TASK DETAILS:
Copy out the data below from the line containing "Raspored po grupama-06" to the line containing "wintersport im bayerischer", both lines included, with all images left out.

DATA TO PROCESS:
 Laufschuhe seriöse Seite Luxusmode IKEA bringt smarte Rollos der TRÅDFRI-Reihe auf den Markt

==

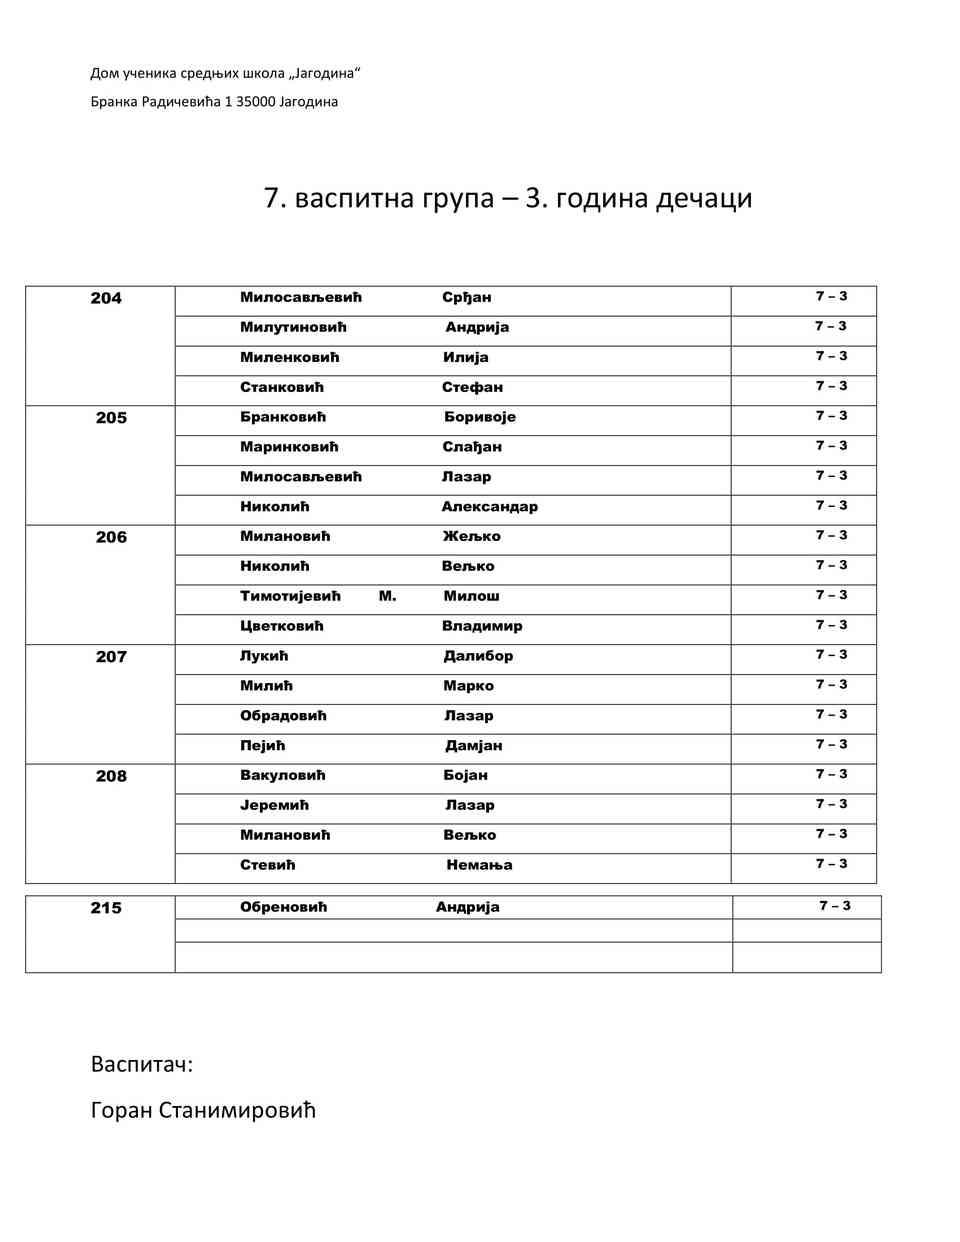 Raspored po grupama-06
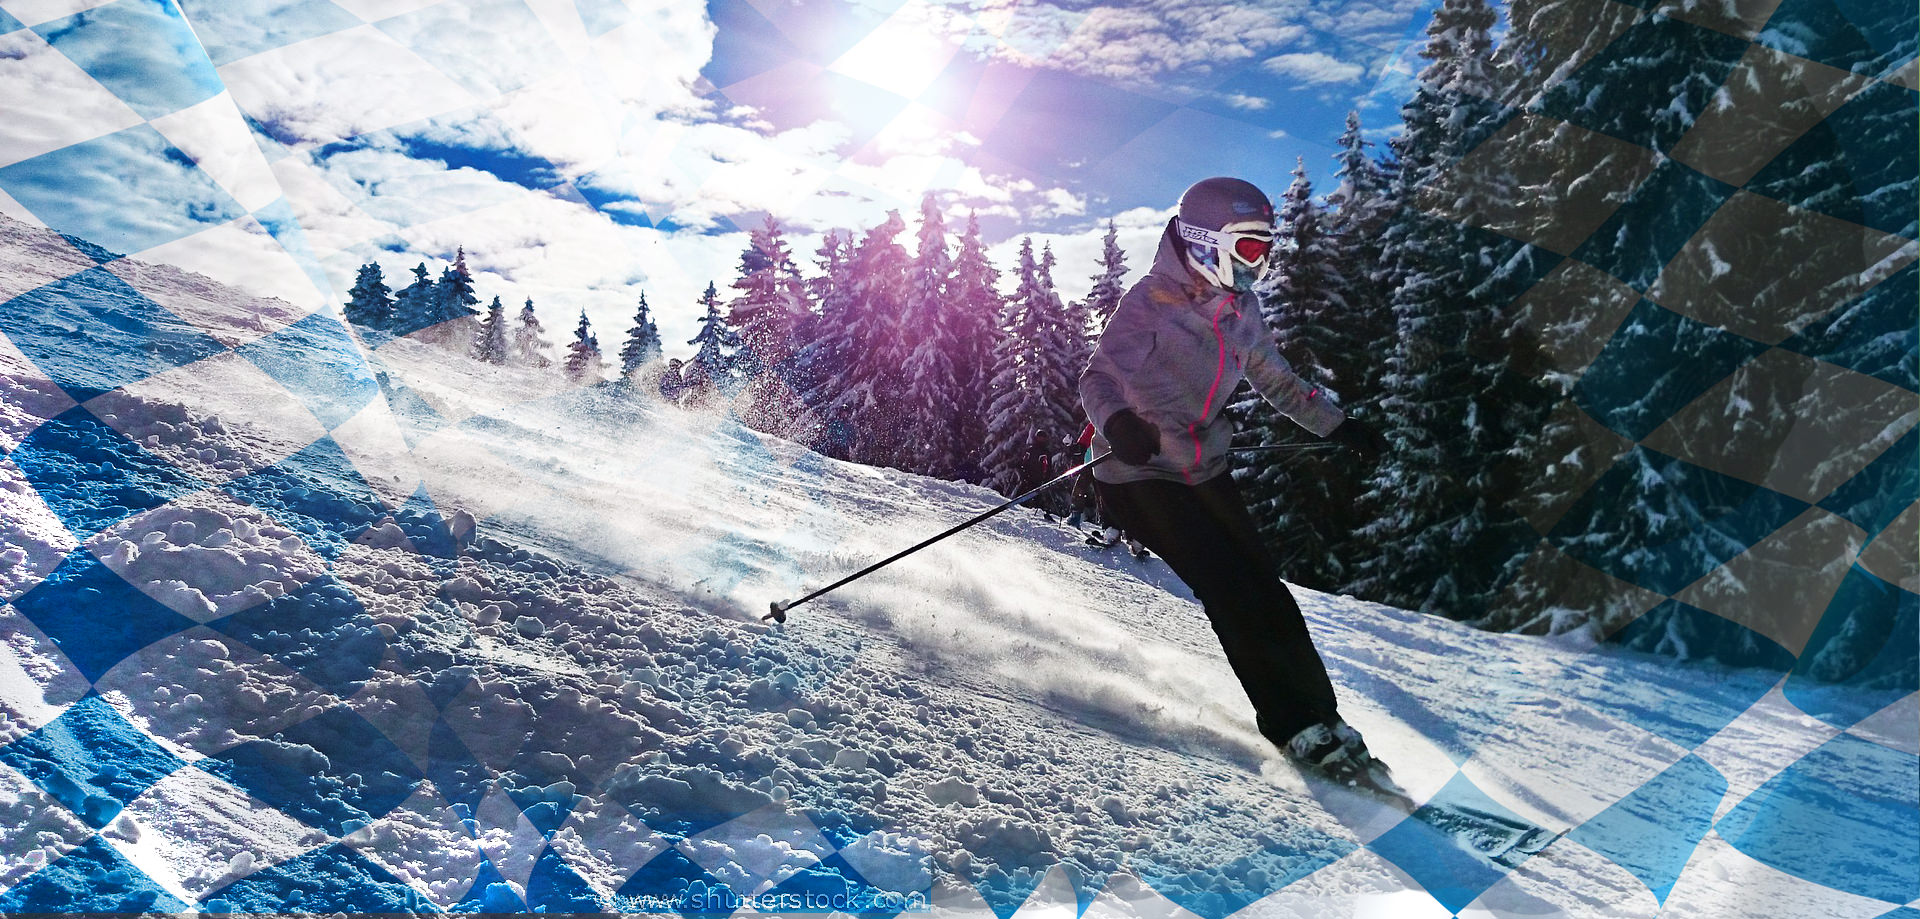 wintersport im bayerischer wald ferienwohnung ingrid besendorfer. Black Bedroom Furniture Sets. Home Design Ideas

SOLVED PROBLEM:
 Raspored po grupama-06
 wintersport im bayerischer wald ferienwohnung ingrid besendorfer. Black Bedroom Furniture Sets. Home Design Ideas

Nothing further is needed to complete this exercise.